**Problem details:**
Locate the line that contains "Shop New Balance Zapatillas - 991 In Black" in the data that follows. Copy it and every subsequent line to the end, exactly, excluding pictures.

====== Supplied data ======

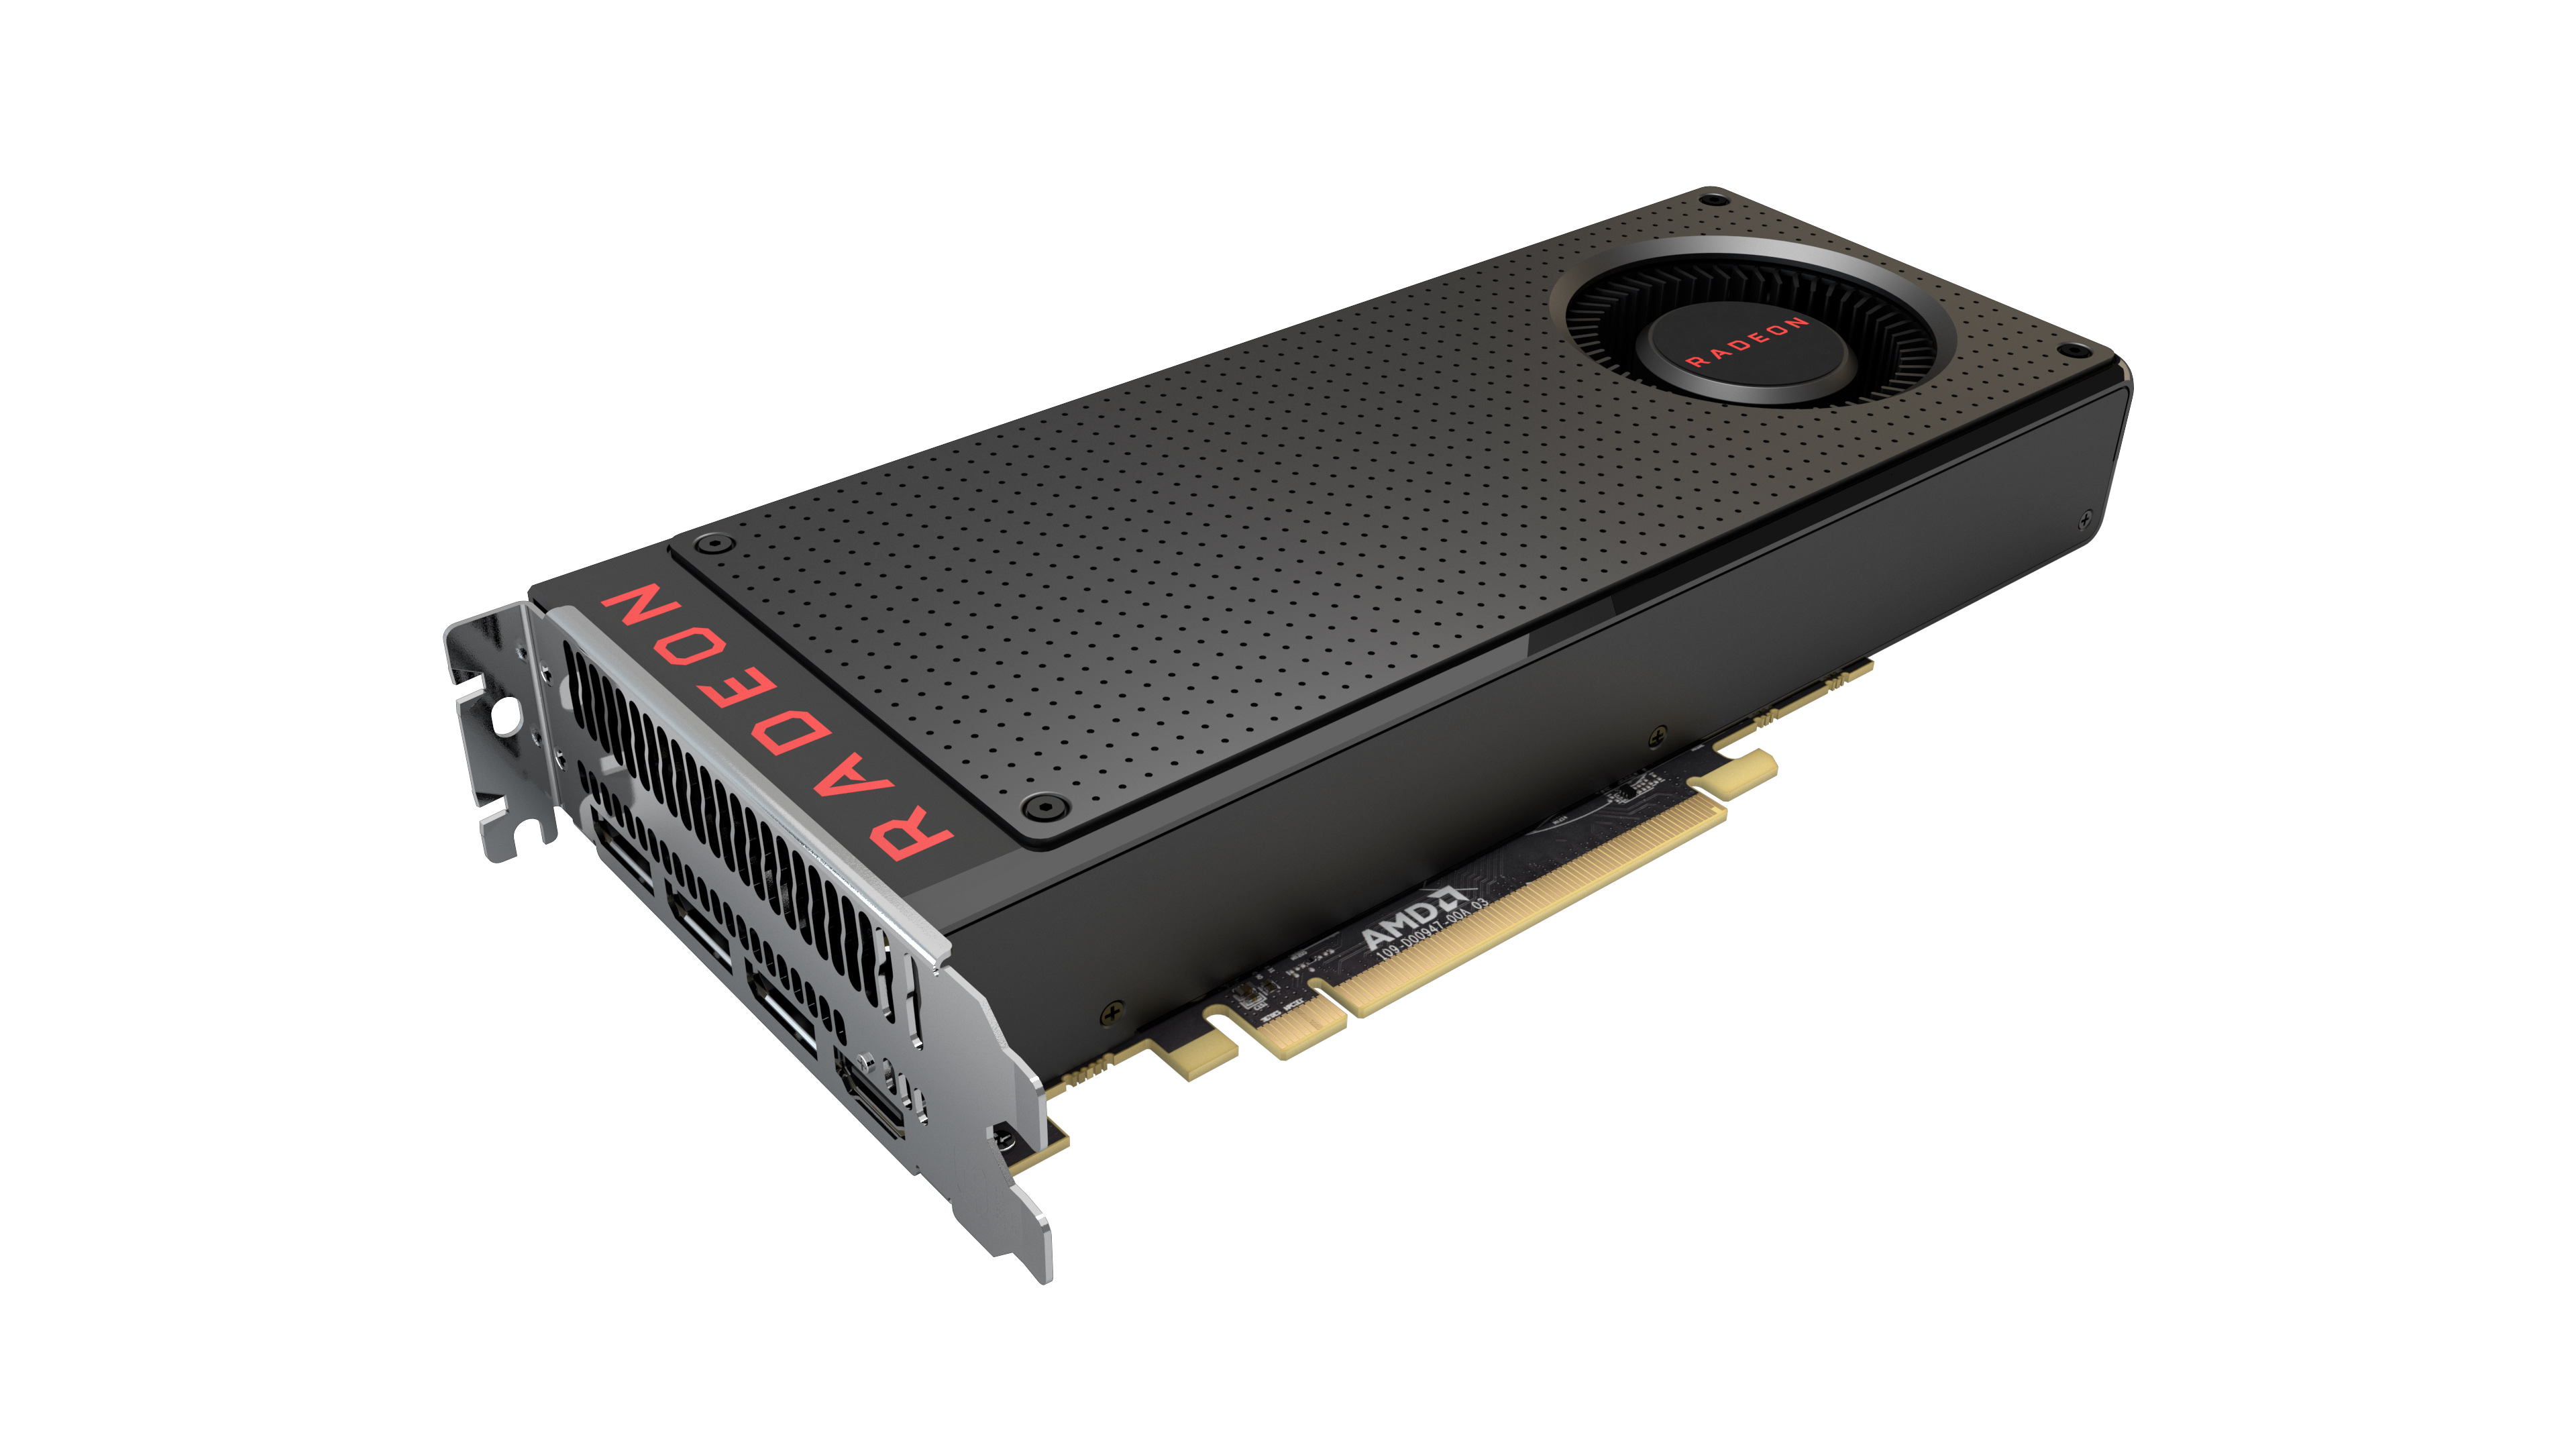 Immagine pubblicata in relazione al seguente contenuto: AMD annuncia la disponibilit commerciale della Radeon RX 480 8GB | Nome immagine: news24512_AMD-Radeon-RX-480_1.jpg
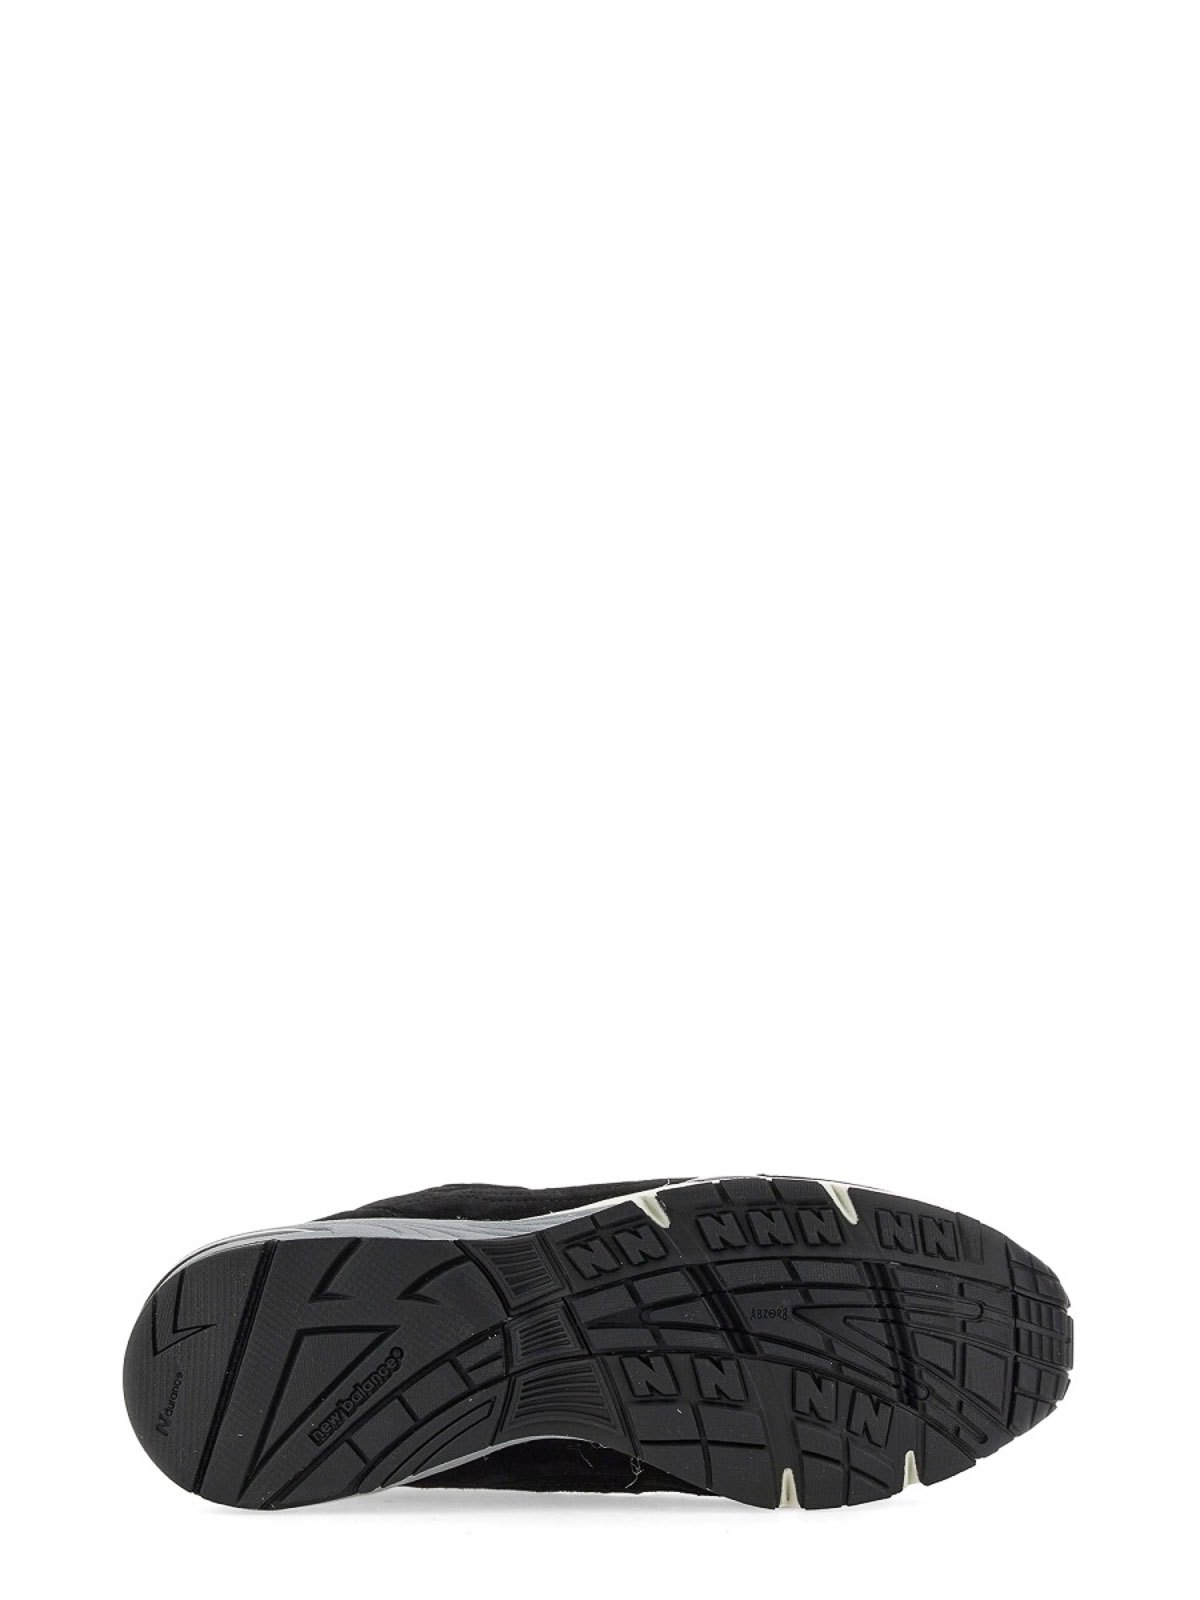 Shop New Balance Zapatillas - 991 In Black
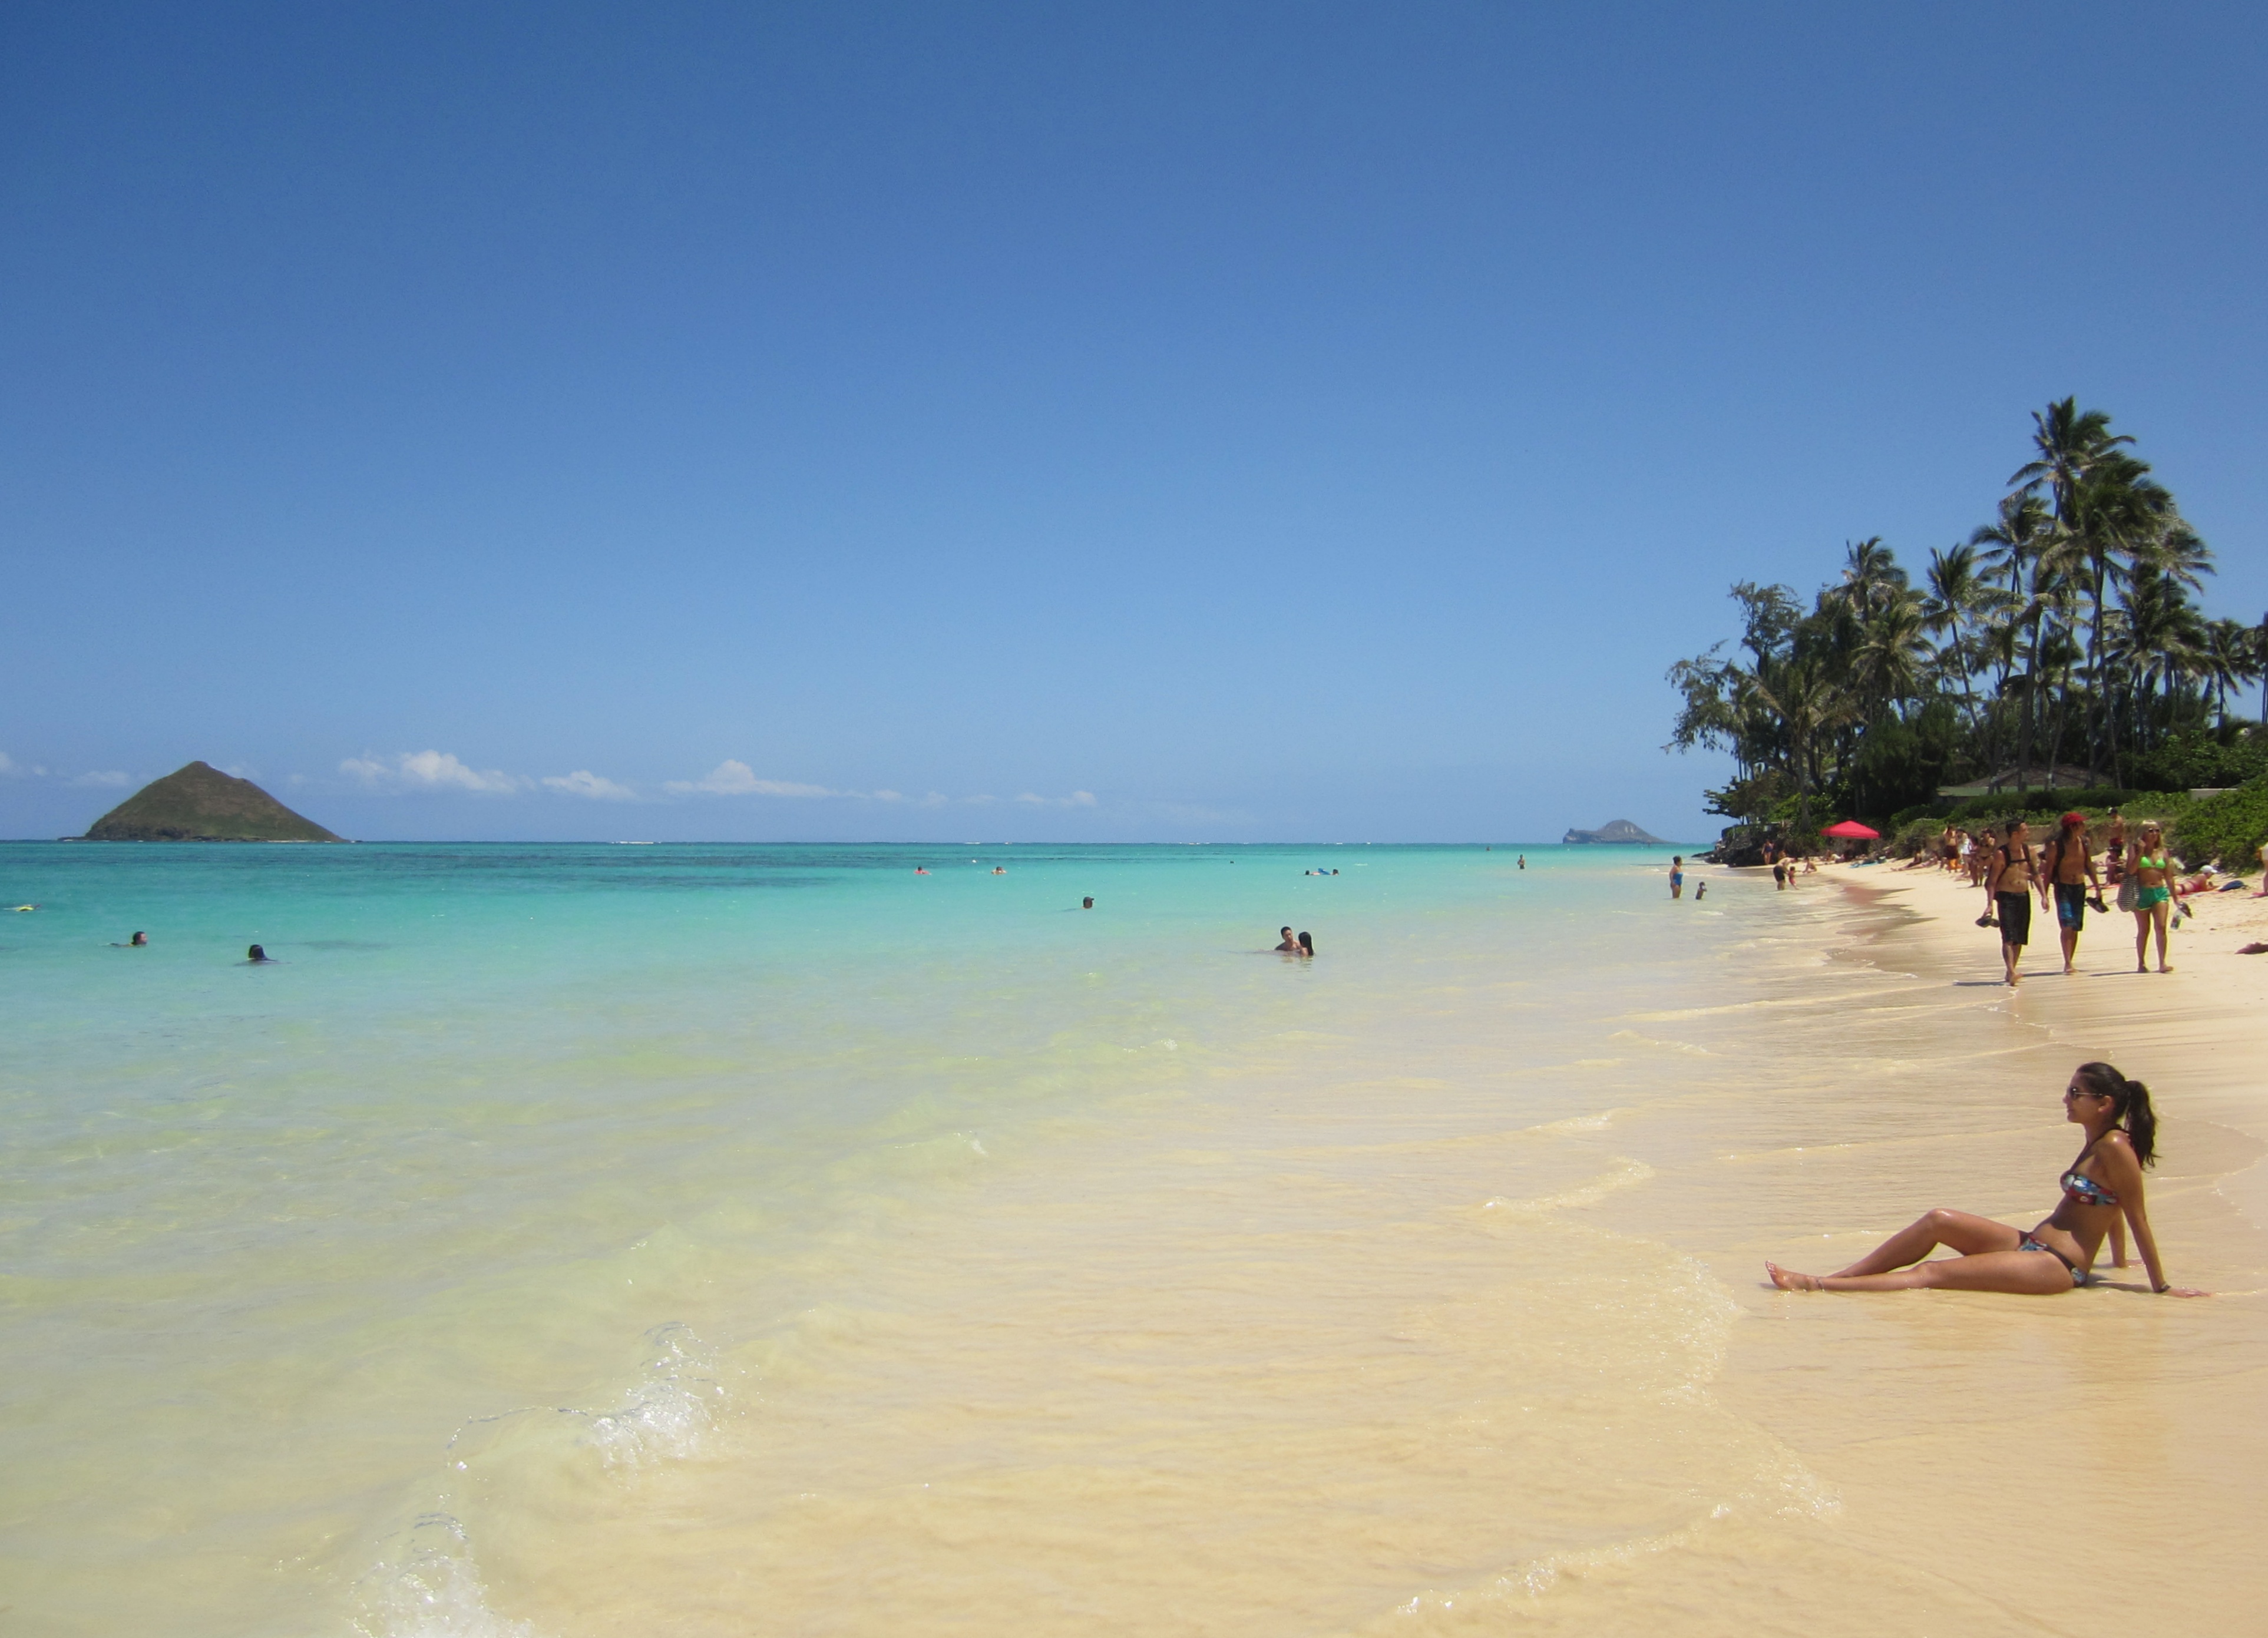 10 Best Beaches In Hawaii Team Surf Peru

======

**Answer for the task:**
 Shop New Balance Zapatillas - 991 In Black
 10 Best Beaches In Hawaii Team Surf Peru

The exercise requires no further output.